Author: Natasha Frost / Source: Atlas Obscura

It’s 7:30 a.m., UTC, and you need to brush your teeth. You switch on the bathroom light. The ceramic tiles are cool on your bare feet. You squeeze a little toothpaste onto the brush, then slide it between your lips and against your teeth.
Brush. Brush, brush. Brush. (This bit takes a while.) Brush. Spit. Swill some water around in your mouth. Rinse. You splash a little tap water into the sink. Toothbrush down. You leave the room, switching the lights off as you go. It’s 7:33 a.m., UTC.In Geneva, Switzerland, at the International Organization for Standardization, or ISO, teams of engineers have spent months and months thinking about every single of one of these actions. For each, there’s a standard—for the glazed tiles beneath your toes; the precise chemical properties of your chosen paste, cream, or gel; the filaments that make up your brush. There’s an international standard behind the time on your watch and the water that flows through the pipes. As you go through your day, you will come into contact with countless others, without even realizing it. Each one is the product of a minimum of 18 months’ to-and-fro, and sometimes as much as three to five years. Then, within five years of being settled, they’ll be revised all over again.
It can be hard to find the joy in the minutiae of ISO—pages upon pages of acronyms, meeting notes, nuts-and-bolts bureaucracy about actual nuts and bolts. But without it, and the standardization it provides, the world would be a significantly more chaotic place. Understanding how the organization came to be requires a journey back through the history of modern standardization, a peek at some of the stranger—and most instrumental—standards, and a look at its political philosophy, one that stands in stark contrast to how most internationally significant decisions are made elsewhere in the world.
Standardization becomes critical in a connected world. If you never come into contact with your faraway neighbors, it doesn’t especially matter whether you use the same measurements, operate by the same clock, or have the same size windows in your workplace. The Industrial Revolution, however, had the effect of shrinking the world—journeys which would once have been unthinkably long could now take place in the space of weeks, or even days. And for that, there needed to be cooperation along the line.
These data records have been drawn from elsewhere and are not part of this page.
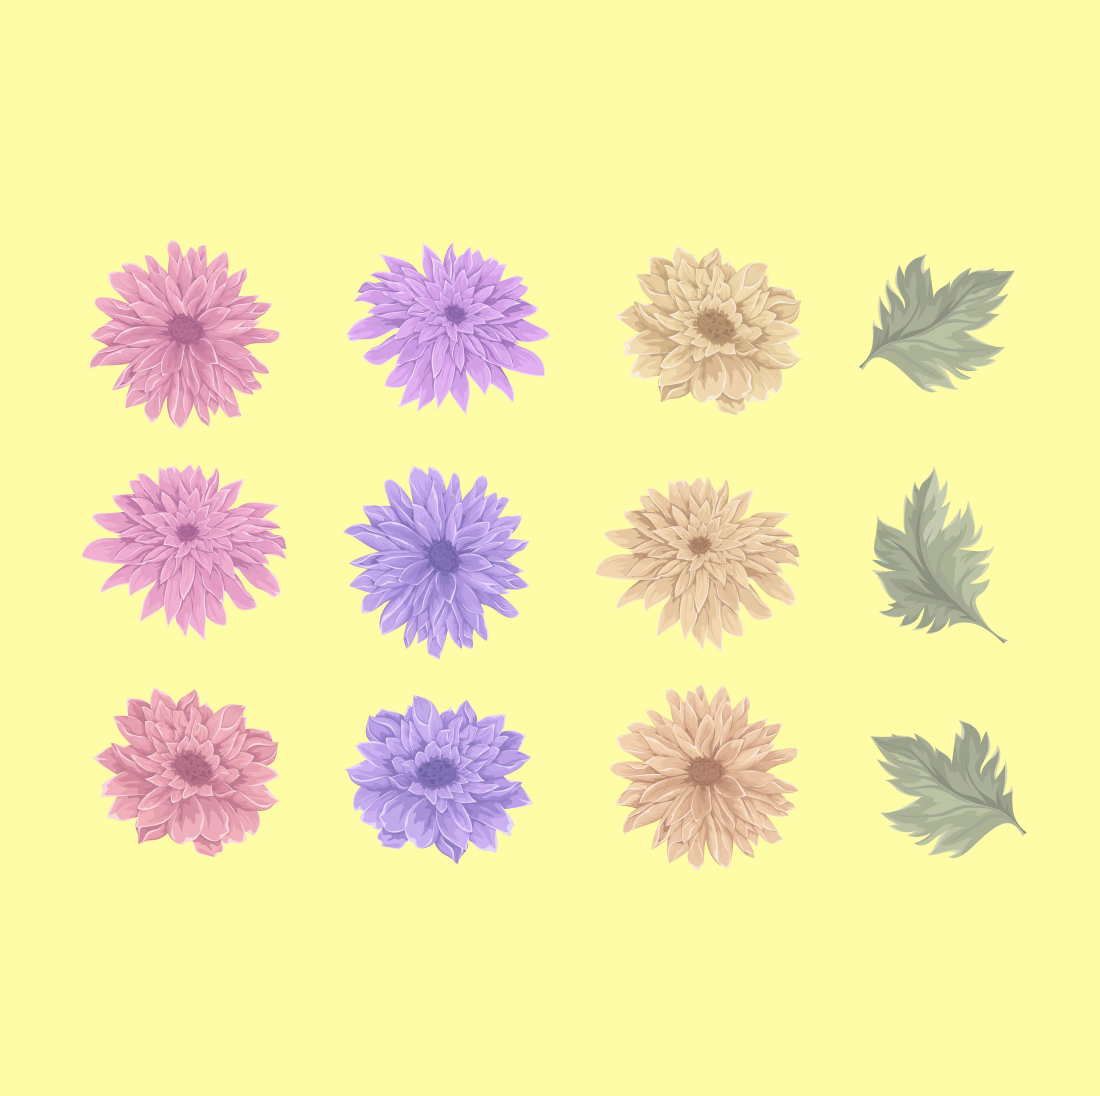 Chrysanthemum SVG cover.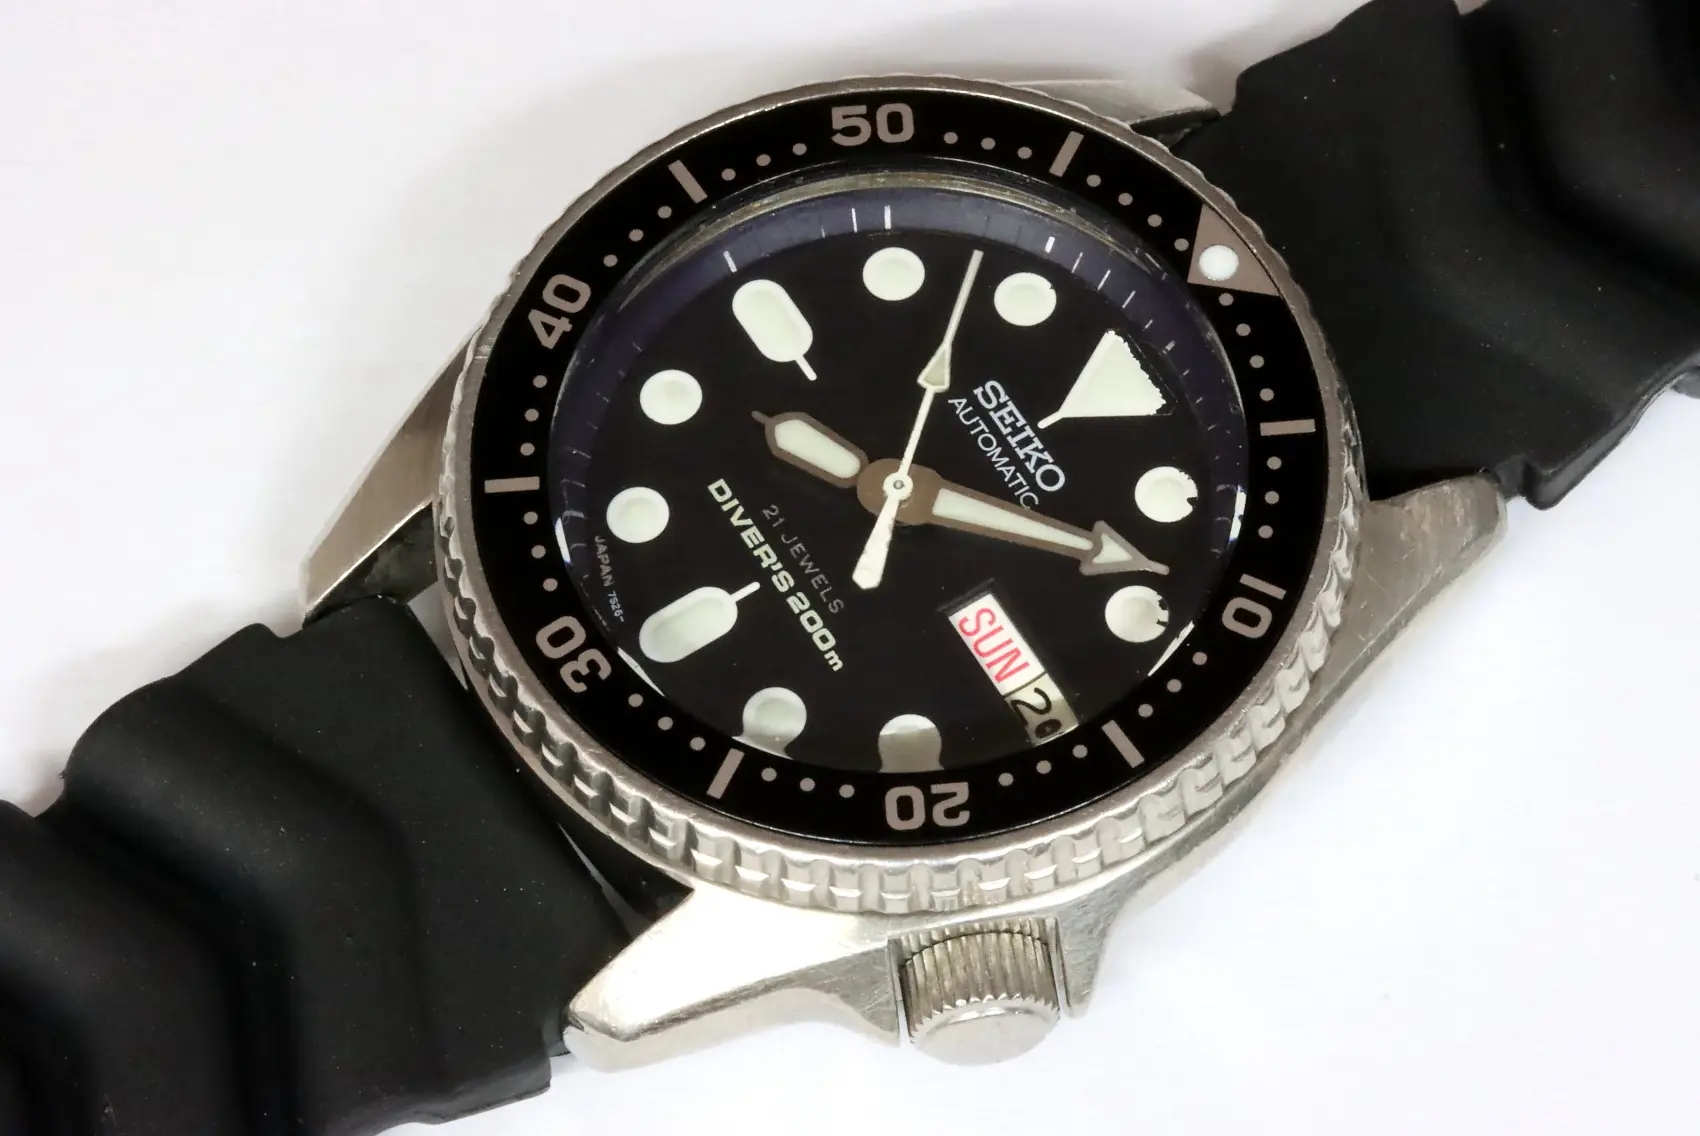 Seiko 7S26-0030 SKX013 midsize diver's watch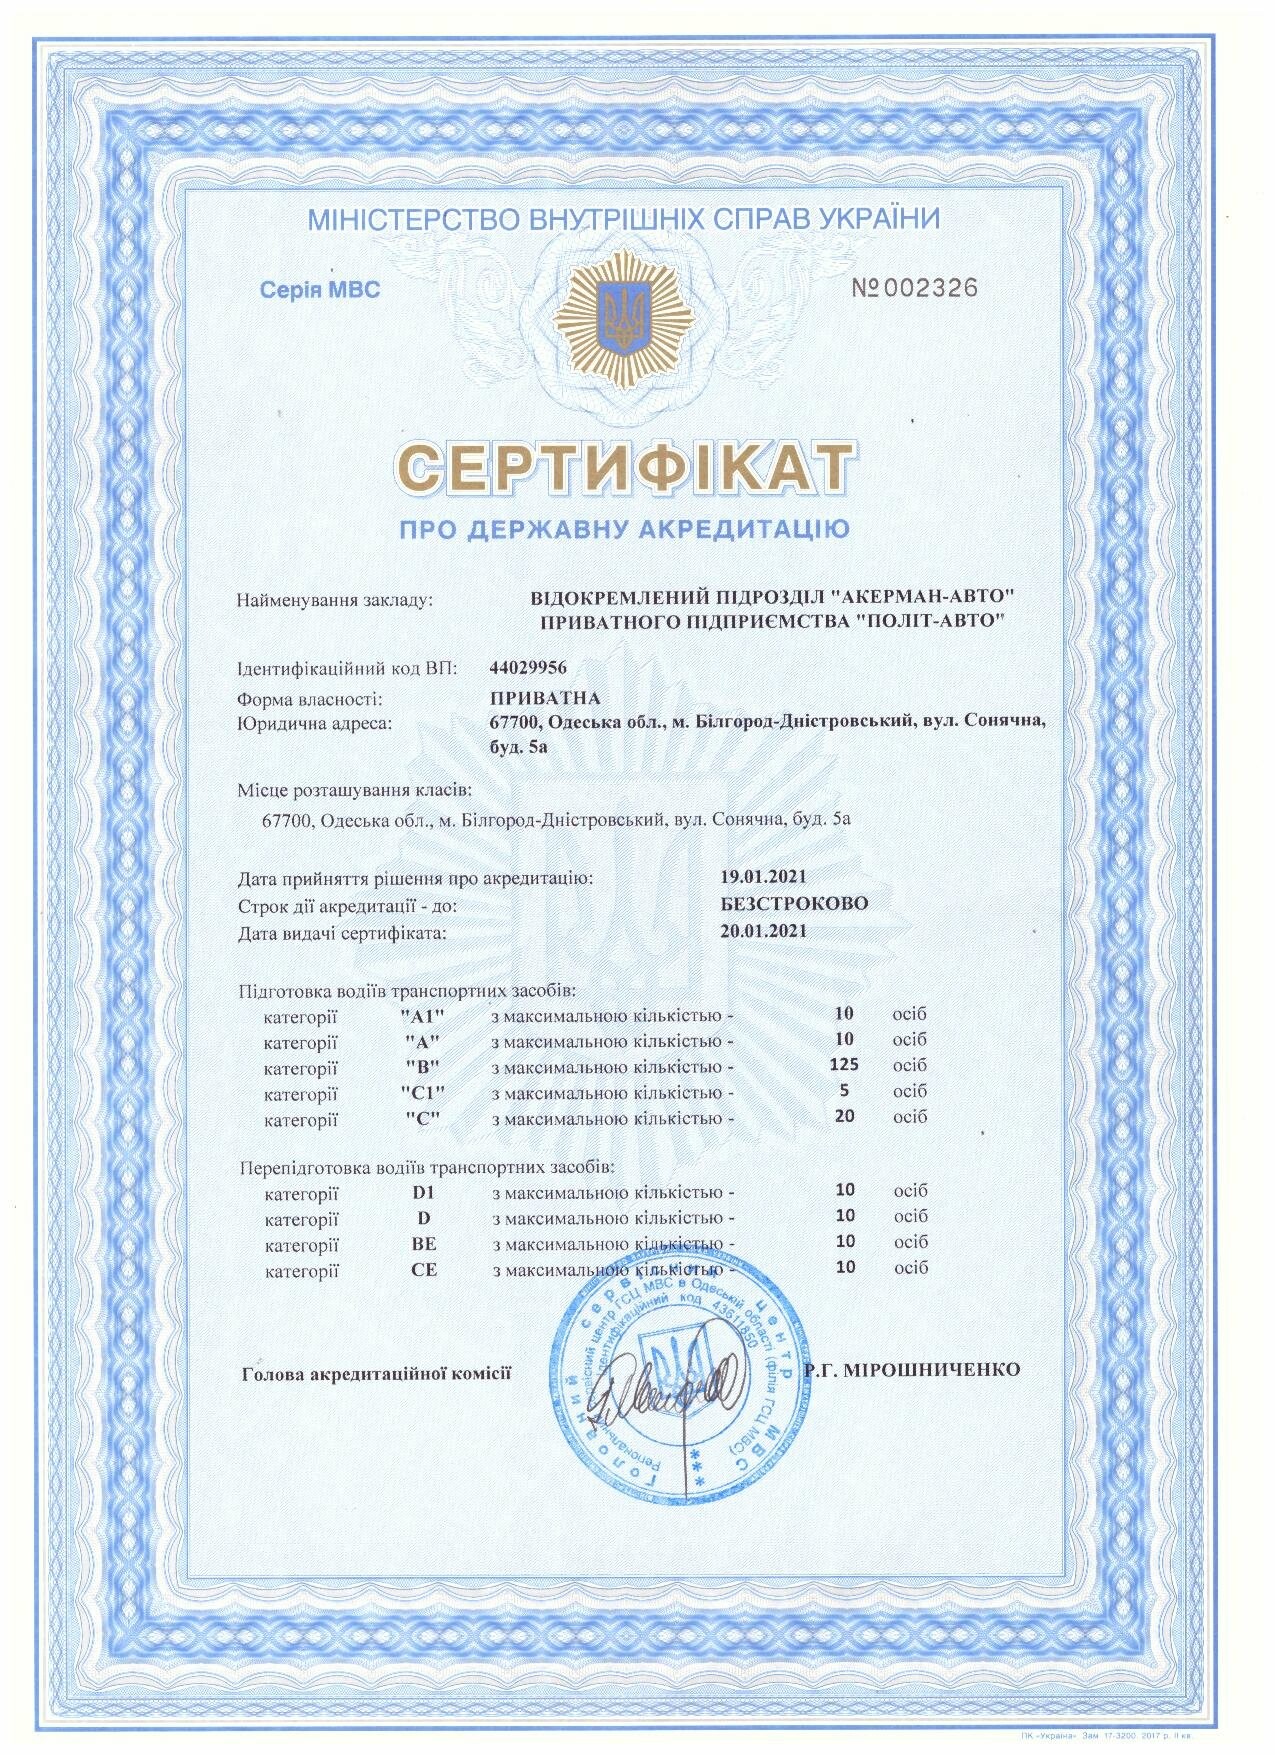 Сертифікати про державну акредитацію, фото-1

In mid-19th-century United States, this became especially clear as railroads began to stripe across the country for the first time. Each place used its own measure to determine the space between the rails on the track. Some track gauge measurements were narrow—in parts of Maine, just two feet wide. Other places, like New York State, favored a gauge of up to six feet. If everybody remained in their “area,” this didn’t represent an especial problem. But increasingly, people, and goods, needed to be moved great distances, from one place to the next. Usually, railways resorted to a break of gauge, where everything and everyone would trundle off one train operating on one gauge, and onto the next train which operated on a different gauge. But this was an expensive, time-consuming solution and, as trade between the Midwest and the East mushroomed after the Civil War, it became a nuisance for trading companies.
By 1880, most North American railways had agreed to convert to a standard gauge—4 ft 8 1⁄2 in, or 1435 mm. At the end of May 1886, the southern railways capitulated, and changed their own lines to approximately the same gauge. This seemingly arbitrary measure is now the standard across much of the world, and used in around 55 percent of railways. It was transitions such as these that began to impress upon people how important it was, from an engineering perspective, to use the same systems across states, countries, and the world.
Gradually, nations began to have their own organizations for standardization—first Britain, in 1901, with the Engineering Standards Committee. (They are now the BSI Group, with the charming tagline: “Making excellence a habit.”) Germany and the United States followed suit, in 1918: The American Engineering Standards Committee, founded by five engineering societies and three government agencies, became the American National Standards Institute in 1969.
The earliest example of international standardization, however, did not include Britain or the United States. Despite being founded in New York, the International Federation of the National Standardizing Association (known as ISA and established in 1926) was a mostly continental Europe body. (America and Britain’s reliance on imperial measurements did not make membership a particularly sensible option for either.) ISA began to lay the groundwork for standards across mechanical engineering out of its Swiss headquarters, but was brought to a crashing halt by the Second World War. In 1942, it was mothballed.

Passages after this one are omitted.